Sorry for the rant, I just don't have anyone who would understand my problem right now and I don't know what to do. I feel like no no one is every going to love me. I've never had a real boyfriend, although I've had a few one night stands. What always happens is that boys will have sex with me but don't want a relationship. I should have got used to rejection by now, but I keep letting my hopes get raised, and I really thought this one might be different.
I met him at a party last week, and I thought we really hit it off. We danced all night, and then he walked me home. I don't know why, but I suddenly thought I should take a chance, and he seemed like he was really into me, so I kissed him, and invited him in. One thing led to another, and the sex was really different to before - he was really attentive, and it was amazing for me. Guys are not usually that into my body, and to be honest I know I'm not classically good looking.

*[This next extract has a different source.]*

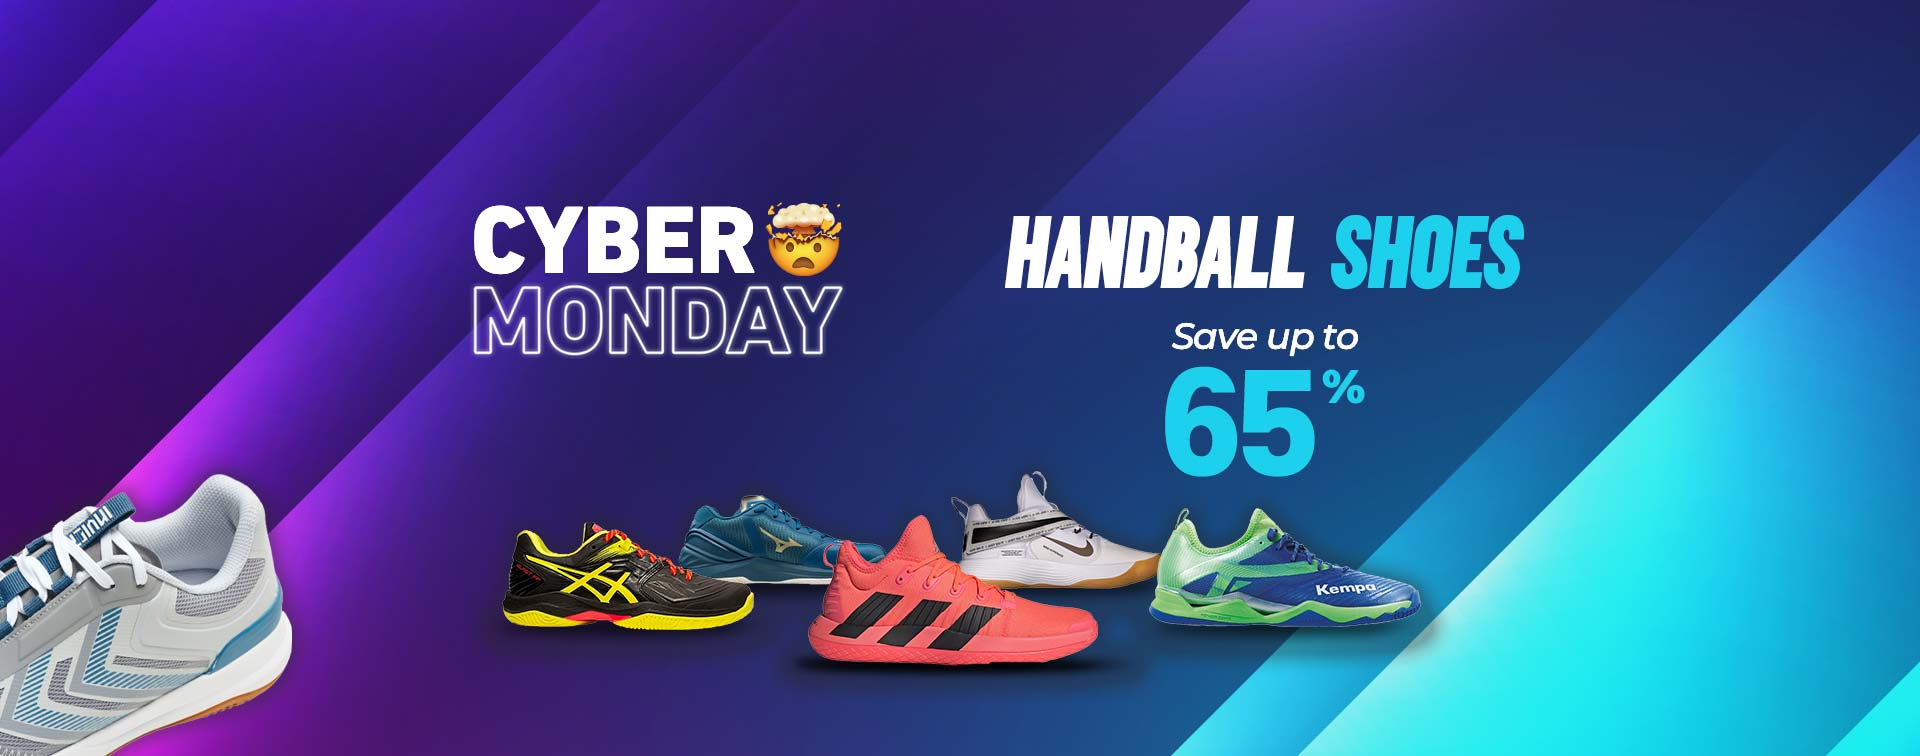 cyber monday handball shoes

After we had sex again the next morning I thought that things had gone really well, and assumed we would see each other again. I was in tears that night when he didn't call, and two days later I broke down and called him. I was hoping he might have forgotten my number, but instead he sounded distracted, and said that he really liked having sex with me, and really liked parts of my body, but didn't see the relationship going anywhere because his frat buddies had 'standards' about physical attractiveness.
I was devastated - I really thought he might have liked me, and I had let myself fall for him far more than I should.
How can I get over this, and more importantly, am I doomed to have this happen to me every time?